Recent studies have determined that the concentrated mass of vapors initially collects at the top of the canister, but with time is dispersed throughout the canister. After soaking, a canister will purge more slowly because the vapor is no longer concentrated in a small area.
The present invention is a compartmental evaporative canister and pressure control valve assembly. The pressure control valve isolates an auxiliary compartment of the canister from a main compartment. The main compartment contains one or more chambers which communicate with each other by restrictive passages. The top chamber of the main compartment is intended for storing daily vapor generation. The purpose of the auxiliary compartment is to reduce breakthrough emissions by preserving a portion of clean carbon. Since some vapor migration can occur through the compartment openings, the auxiliary compartment is isolated from the final chamber of the main compartment by using a pressure control valve.

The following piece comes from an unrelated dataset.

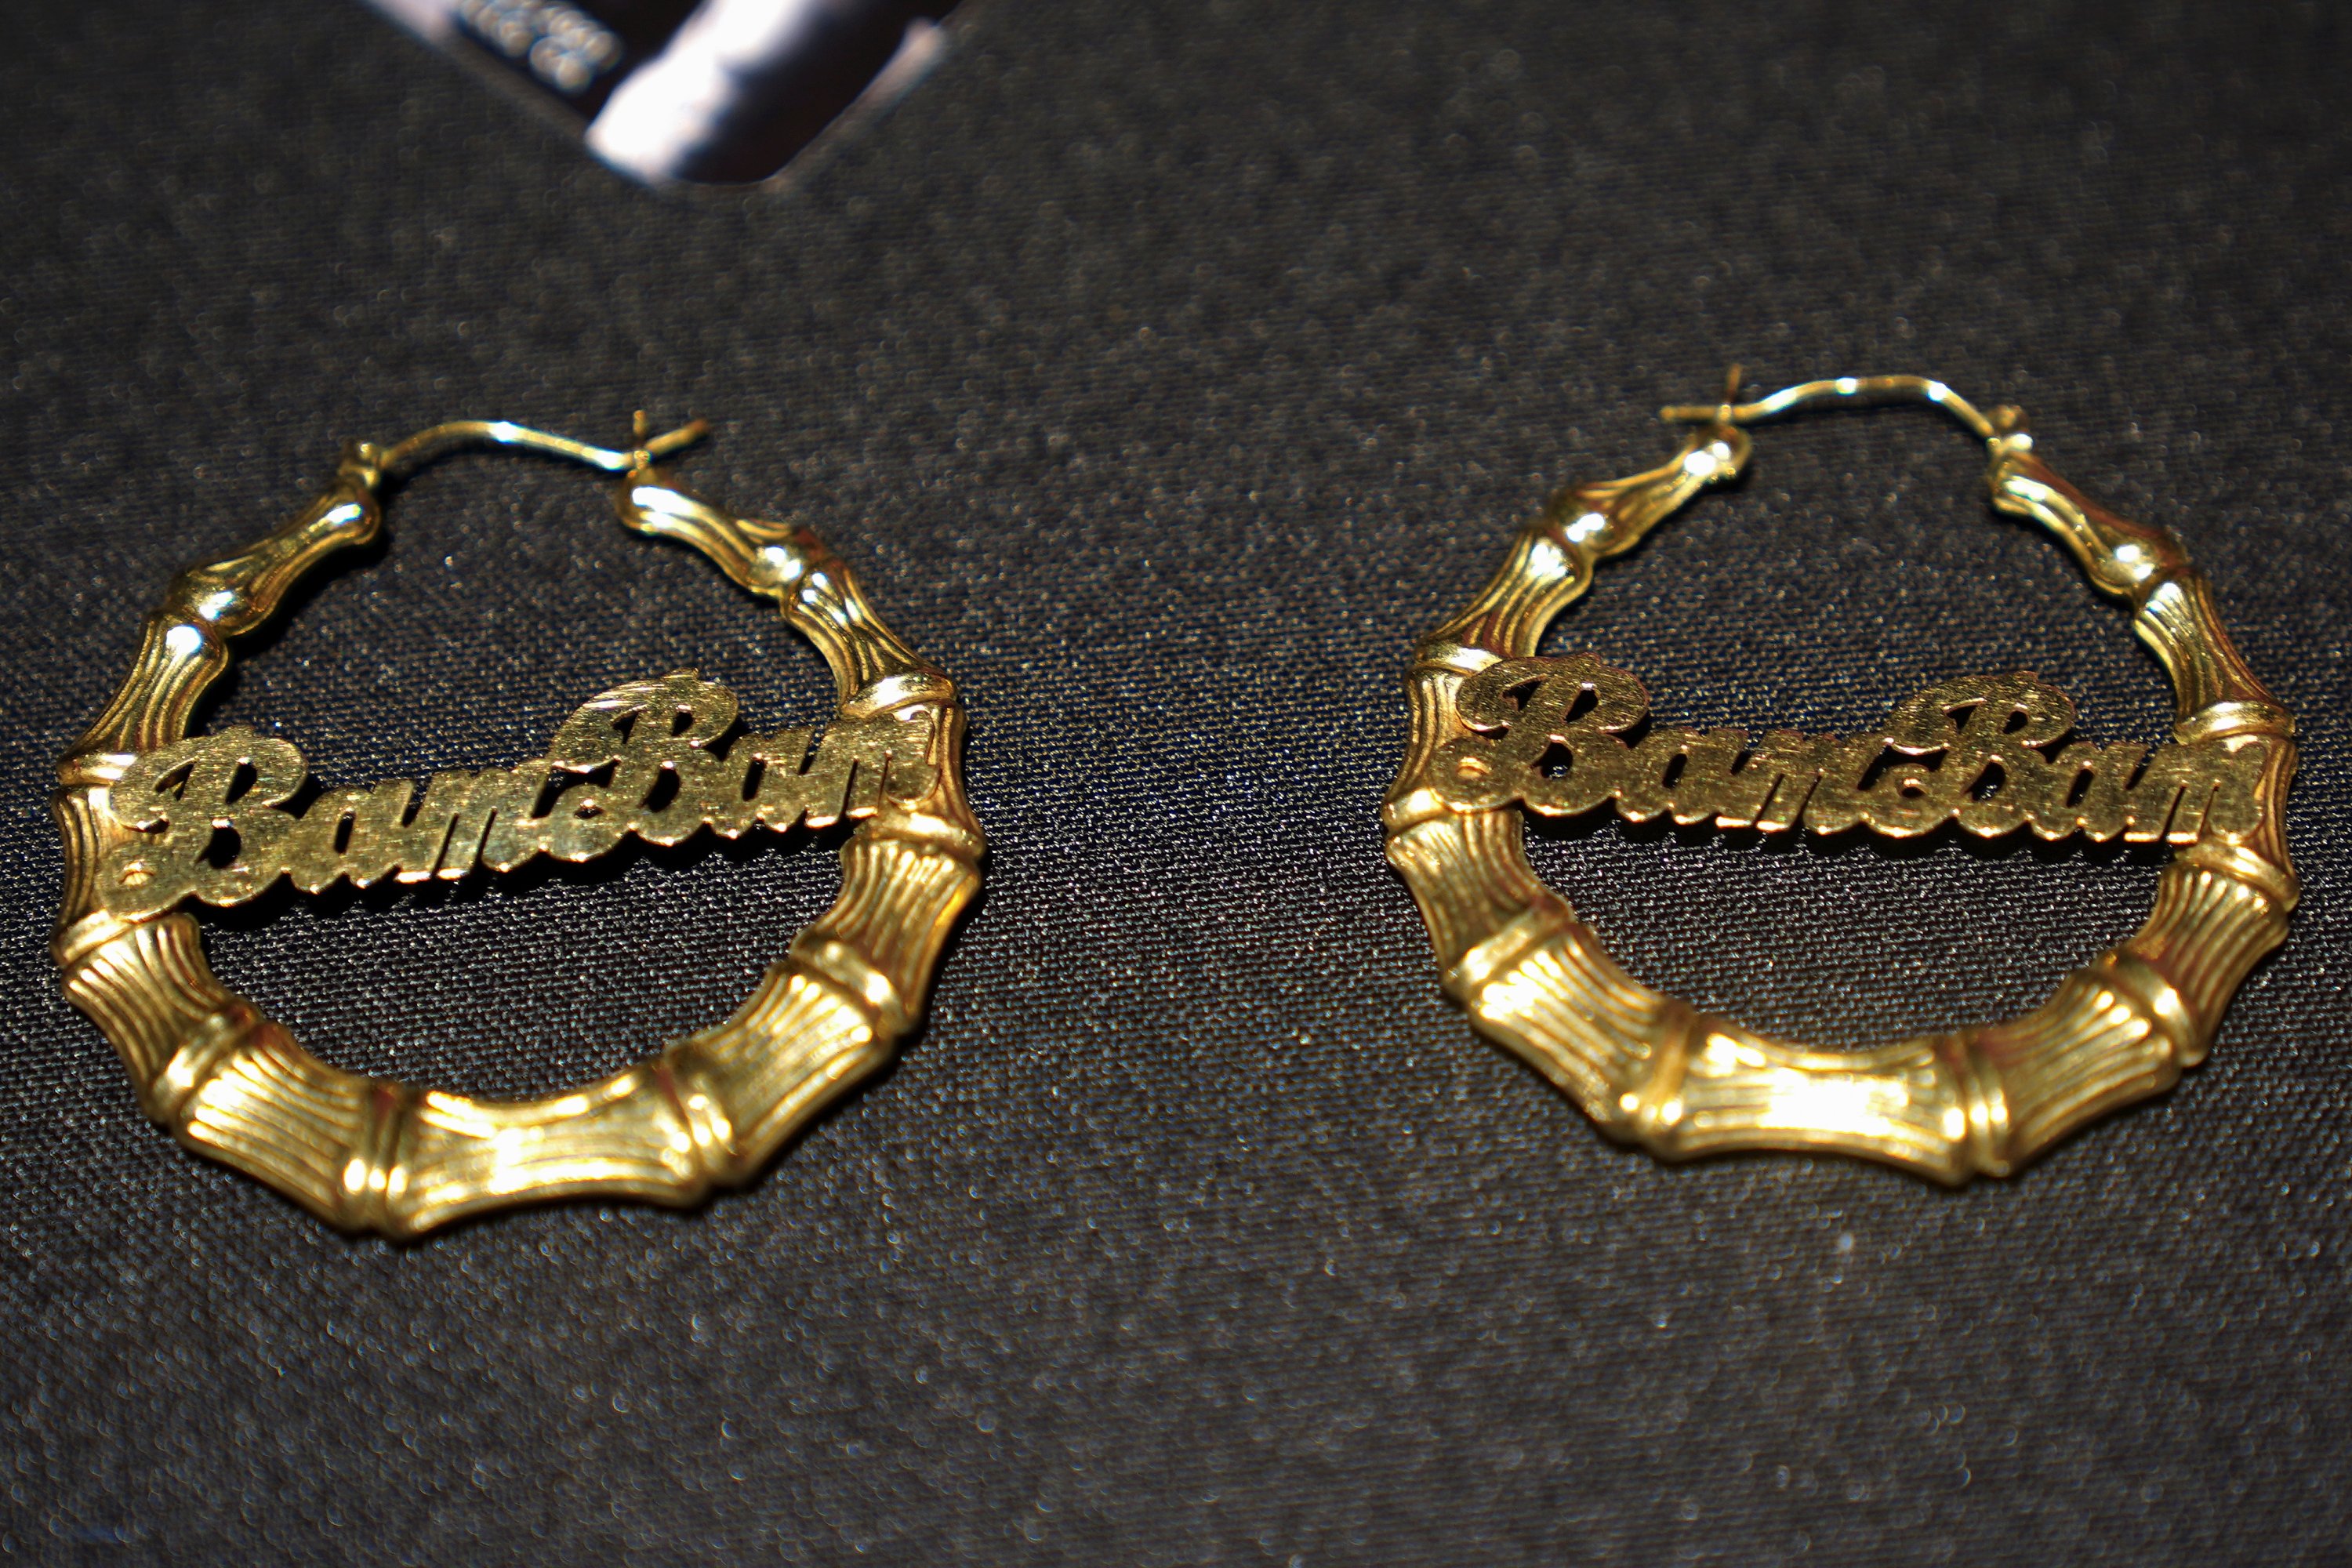 A pair of earrings worn by Amy Winehouse are pictured at a preview for an auction of her personal items on the 10th anniversary of her death in the Manhattan borough of New York City, New York, U.S., Oct. 11, 2021.  (REUTERS Photo)

Installing a pressure control valve to isolate the bottom compartment further reduces breakthrough emissions and preserves the working capacity of a partially saturated canister. A pressure control valve similar to that disclosed in U.S. Pat. No. 4,153,025 issued May 8, 1979 to William F. Thornburgh is currently used on some vehicles to reduce tank vapor generation. By installing the pressure control valve on the canister before the last compartment it can reduce both tank vapor generation and canister breakthrough emissions.
Previous uses of compartmental canisters were to disperse evenly the fuel vapors to the lower chambers in order to utilize fully the whole canister or to separate the vapors from the fuel tank from those from the carburetor bowl as in U.S. Pat. No. 4,203,401 issued May 20, 1980 to Charles A. Kingsley et al; U.S. Pat. No. 4,308,840 issued Jan. 5, 1982 to Eizi Hiramatsu et al, and U.S. Pat. No. 4,496,379 issued Jan. 29, 1985 To Tadashi Kozawa. Although current evaporative systems incorporate a pressure control valve, it is used to separate the fuel vapors into individual canisters, to regulate fuel vapors from the tank to the canister, and to regulate the vapor back to the carburetor.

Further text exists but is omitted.